Uproar over India mosque report



The findings of an inquiry into the controversial destruction of a mosque by Hindu mobs that triggered bloody religious riots in the early 1990s has been tabled in the Indian parliament amid noisy disruptions from opposition members.
The cabinet approved the report in an emergency meeting earlier on Tuesday morning, India's NDTV reported, a day after the so-called Liberhan report was apparently leaked to a national newspaper.
The story, which appeared in the Indian Express newspaper, alleged the report "indicted" leaders from the Bharatiya Janata Party (BJP), prompting angry scenes by party members in parliament on Monday and causing the house to adjourn.
P Chidambaram, the interior minister, tabled the 900-page report in both houses of parliament - Lok Sabha and Rajya Sabha - amid unruly scenes.


Leaders indicted
The report indicts 68 people for the demolition of the mosque - mostly leaders from the BJP and a few bureaucrats.
Among those named are AB Vajpayee, the former BJP prime minister, and LK Advani, the party's current leader in parliament.
The 1992 destruction of the Babri mosque in the Hindu pilgrimage town of Ayodhya in northern Uttar Pradesh state sparked some of the worst Hindu-Muslim violence since the partition of the Indian sub-continent.
More than 2,000 people, mostly Muslims, were killed.


'Communal tension'
Rani Singh, a London-based South Asia analyst, said the report was sensitive because of India's religious make-up.
"Communal tension is simmering below the surface in India," she told Al Jazeera.

"Although with a Hindu majority population, there are Muslims, Jews, Christians and Sikhs and other religions all living perfectly happily side-by-side.

"But the Ayodhya massacre in 1992 is a terrible scar on India's history that hasn't really healed."
She said the BJP had tried hard to distance itself from the destruction of the mosque and the subsequent killings.
"The BJP has wanted to kind of neutralise its tone a bit and wants to get away from any the whole idea that it planned - or was behind, shall we say - the massacre and the destruction of the mosque in 1992," she told Al Jazeera.
"Having said that, LK Advani does say that his long-cherished dream is to have a Hindu temple erected on that site."


'Strong objection'
In the 1990s, Advani travelled across India to draw support for his campaign to install a temple on the site of the Babri mosque.
Following the report in the Indian Express, Advani accused India's ruling Congress party of deliberately leaking the inquiry's conclusions to the press and protested his innocence.
"I take strong objection as to how the government has suddenly leaked the report," he told parliament, describing the mosque's destruction as "the saddest moment of my life".

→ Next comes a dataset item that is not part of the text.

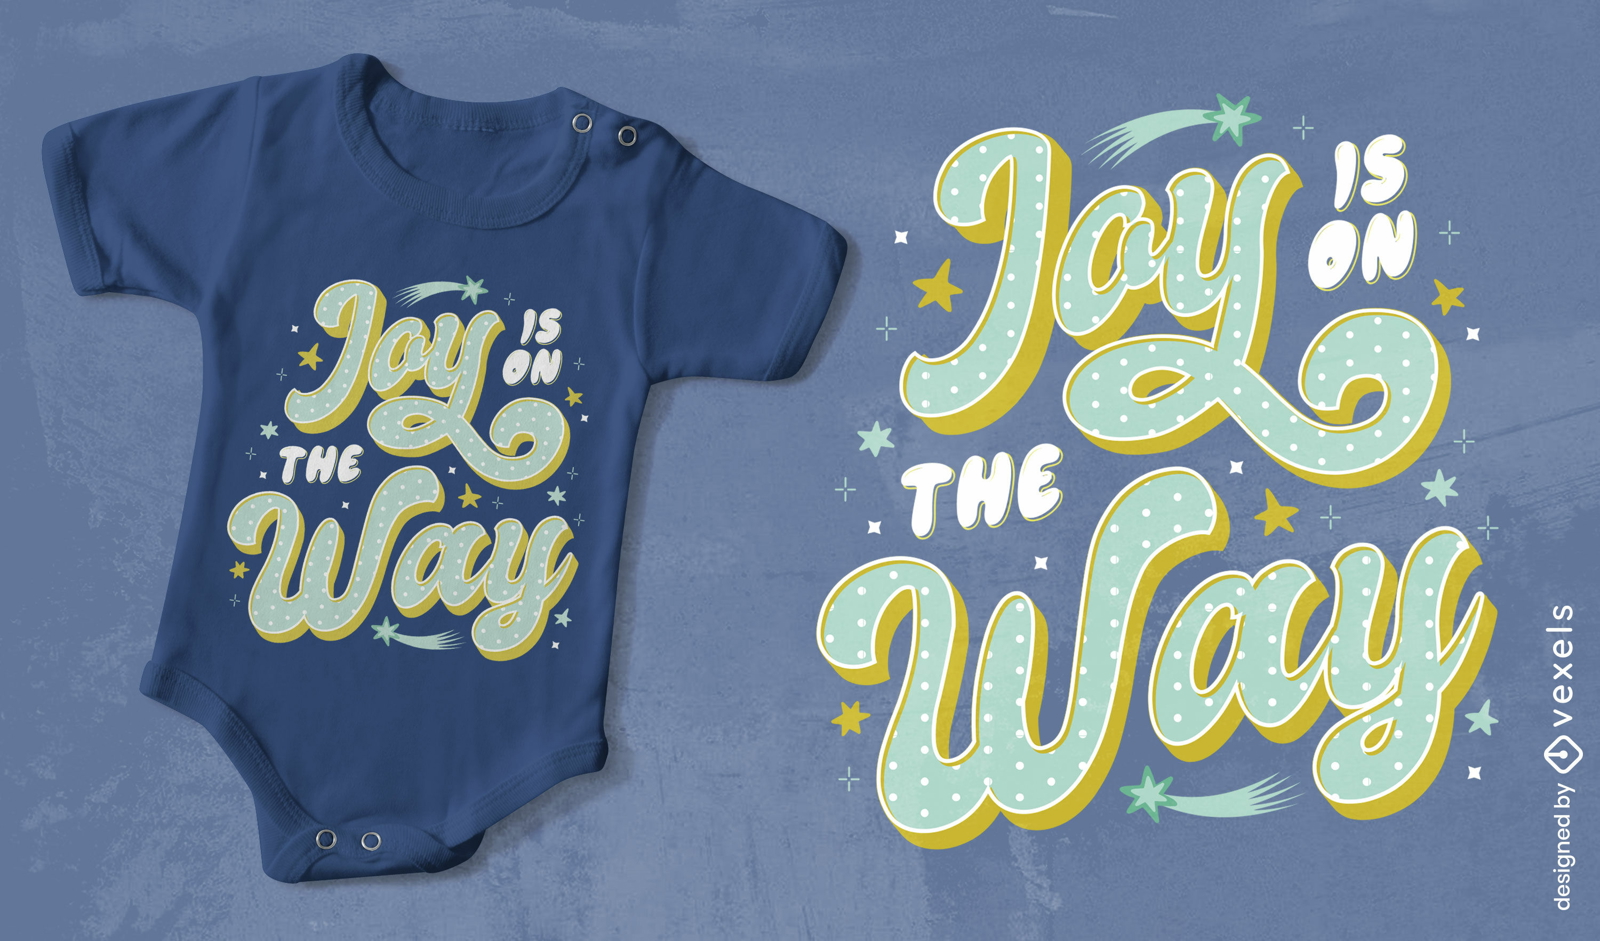 Joy is on the way baby announcement t-shirt design

Chidambaram denied the report had been leaked to the press.
But Tarun Vijay, the editor of BJP's official newspaper in New Delhi, said the Congress party appeared to be using the report to create a divide between the country's Hindus and Muslims.
"I think the report very unfortunately comes at a time when the country was going to remember and resolve to fight against terrorism in the wake of the 26/11 attack on Mumbai," he told Al Jazeera, referring to last year's deadly attacks in the Indian commercial capital.
"Perhaps the Congress is again planning to invoke a situation that creates a schism and a conflicting situation between the Hindus and Muslims that has always been a hallmark of the Congress politics.
"It wants Hindus and Muslims again divided on a very, very extreme position so that it can reap the full consequences of it .. to keep Congress in power in the next election."
Devout Hindus believe the Babri mosque was built on the ruins of a temple marking the birthplace of the Hindu warrior Lord Ram.
The report, authored by Justice Manmohan Singh Liberhan, had been due to come before parliament in December, but the uproar over the paper's allegations prompted the cabinet to bring forward the date, Indian media said.